▶ [Problem statement]: The reply should hold only the lines below beginning at the one with "Quilter International Ireland" and ending at the one with "Captura de tela", copied exactly, with every picture left out.

▶ [Task inputs]:
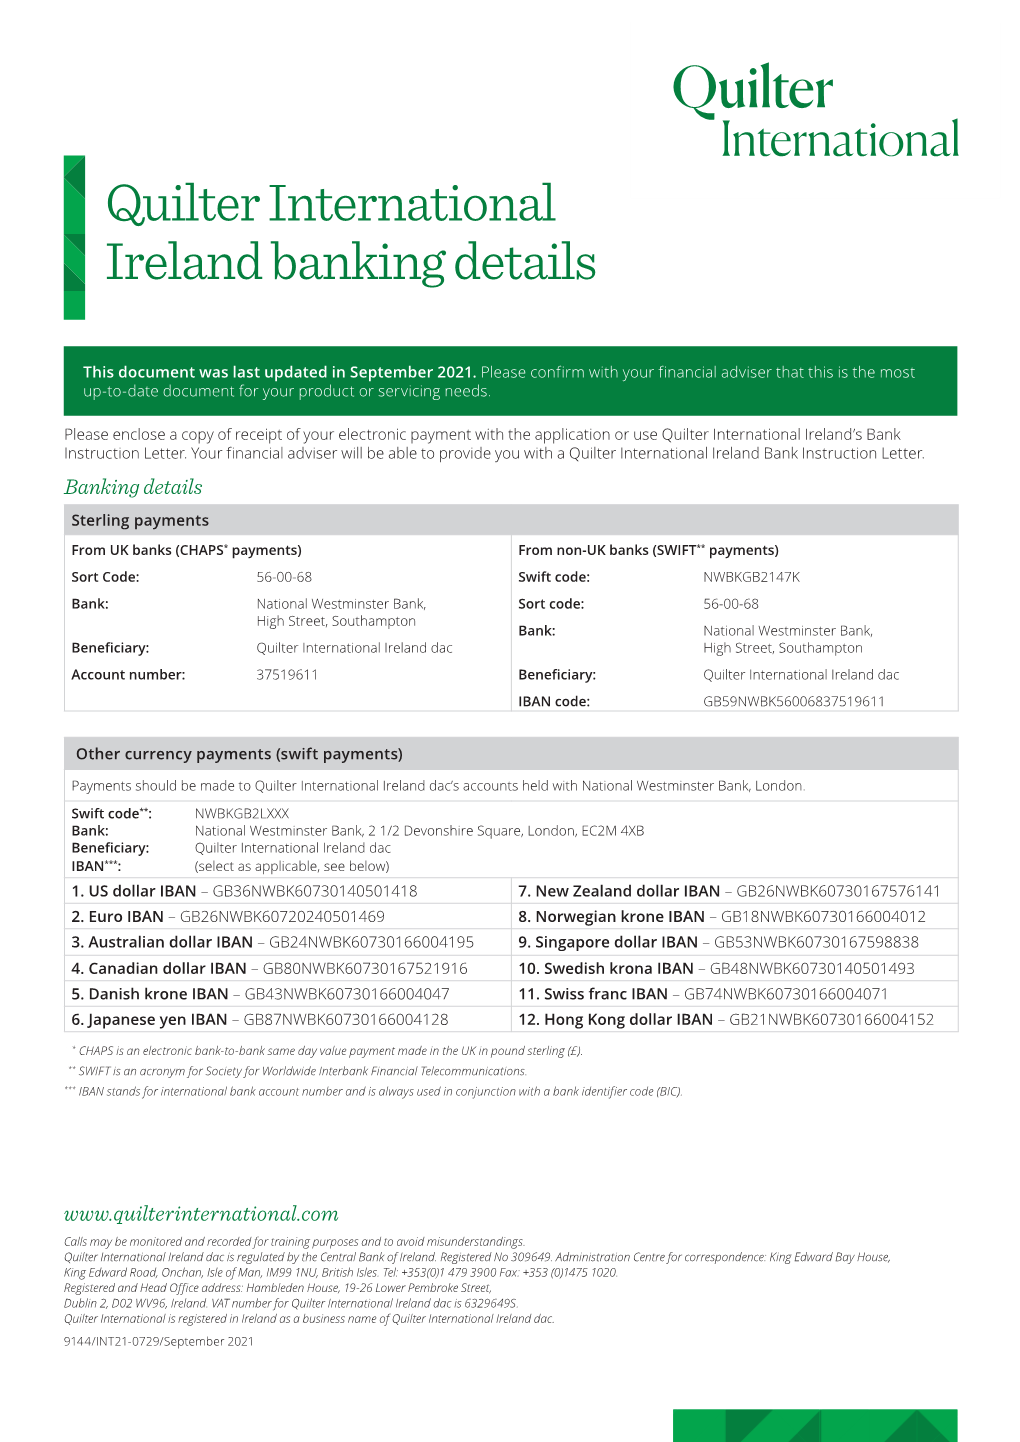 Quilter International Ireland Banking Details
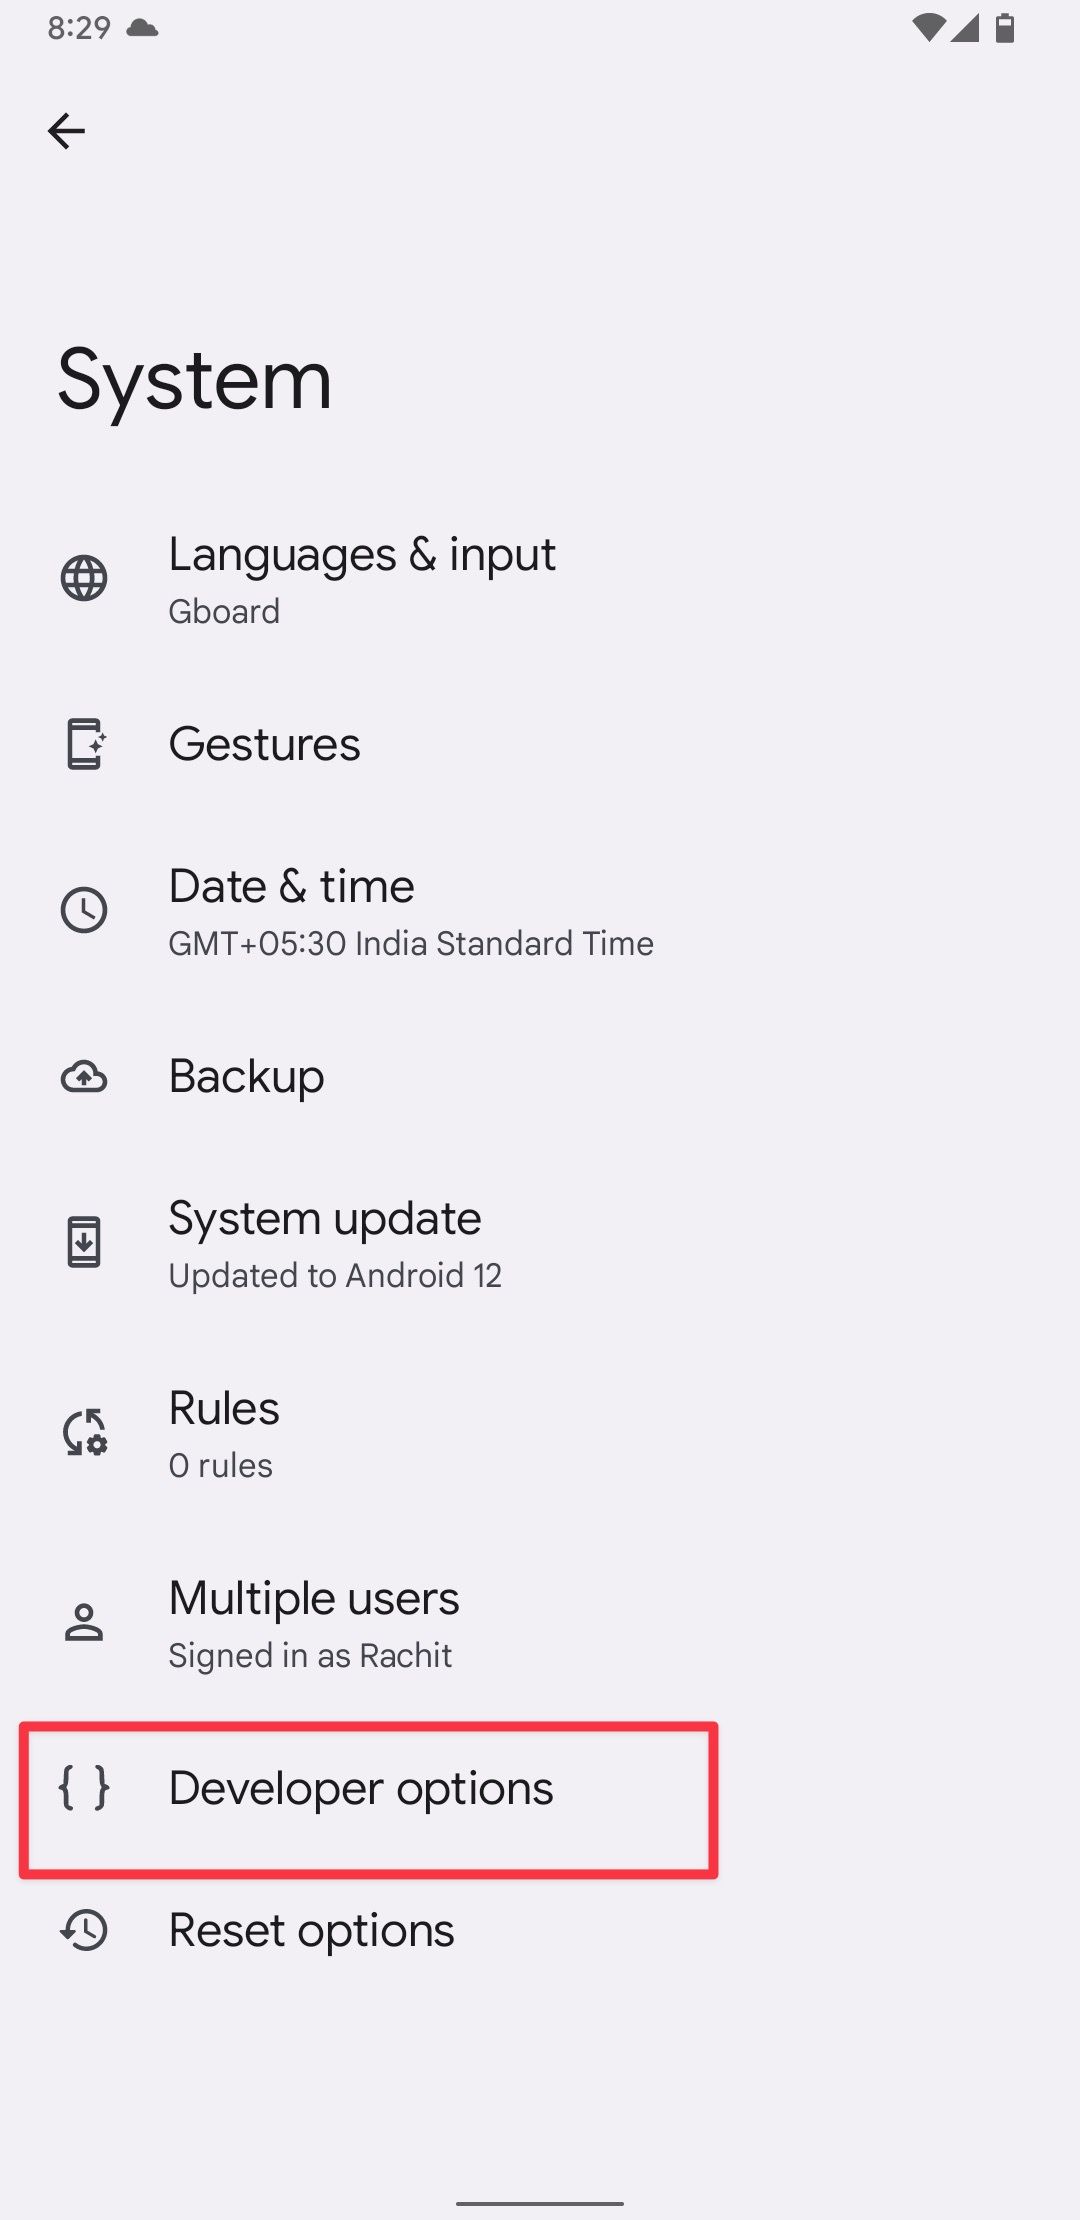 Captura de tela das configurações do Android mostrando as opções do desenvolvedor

...

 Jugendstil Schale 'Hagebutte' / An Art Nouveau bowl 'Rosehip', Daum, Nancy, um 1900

==

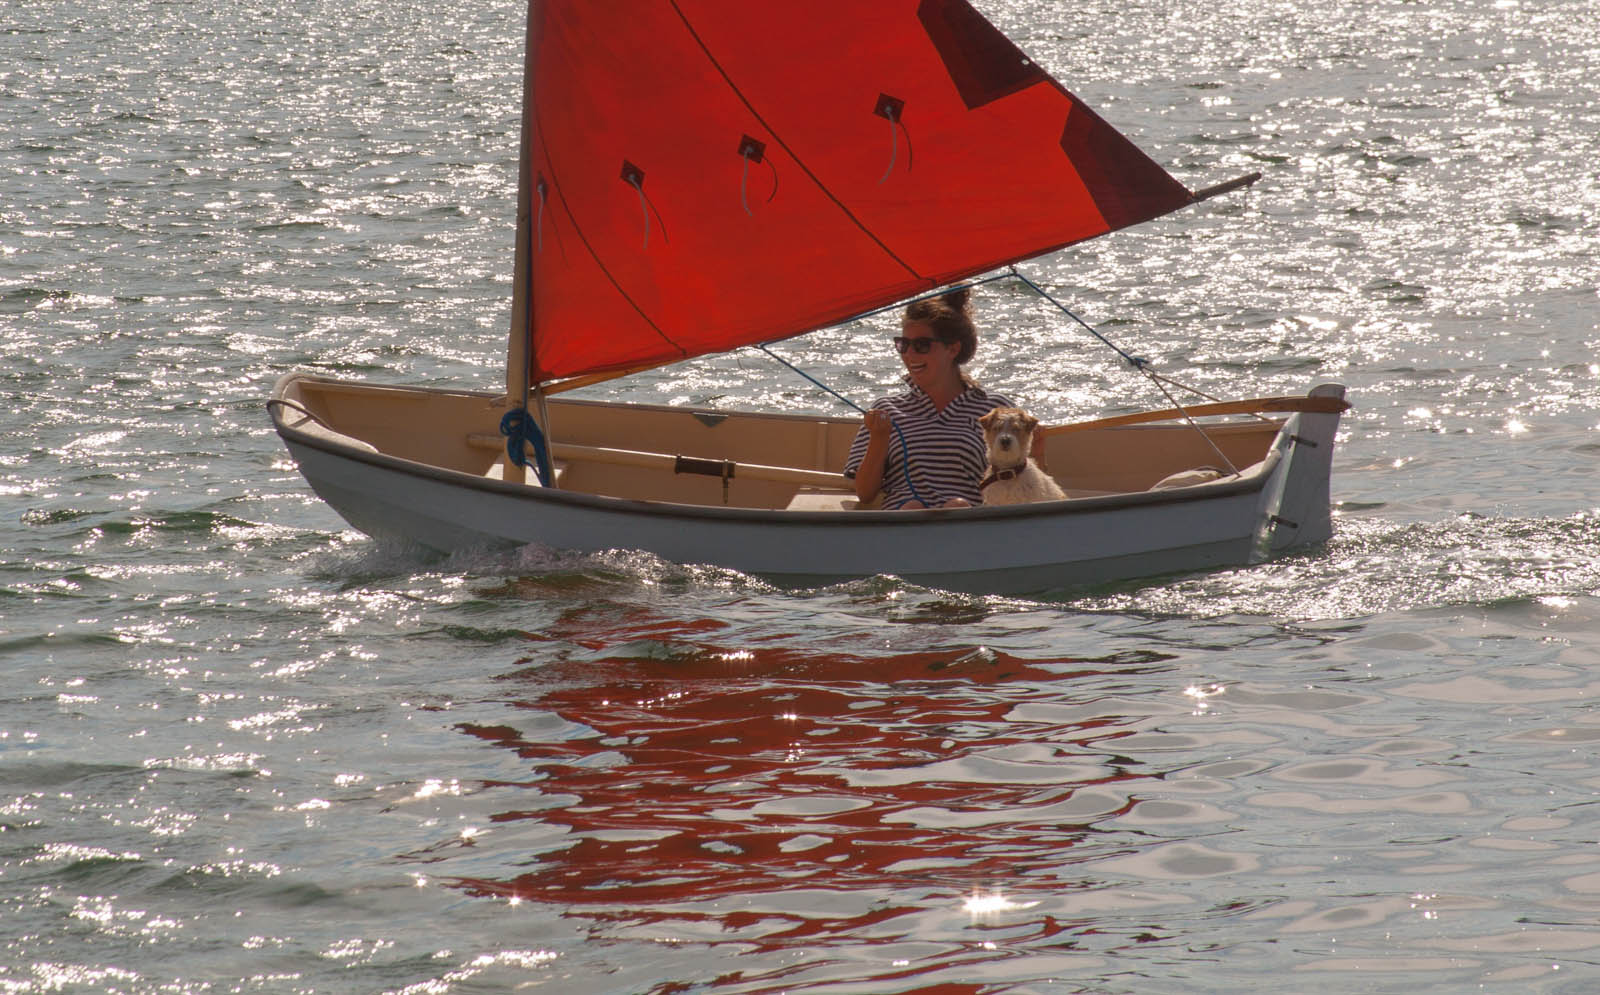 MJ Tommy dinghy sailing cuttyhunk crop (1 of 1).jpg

▶ [Result of this exercise]:
 Quilter International Ireland Banking Details
 Captura de tela das configurações do Android mostrando as opções do desenvolvedor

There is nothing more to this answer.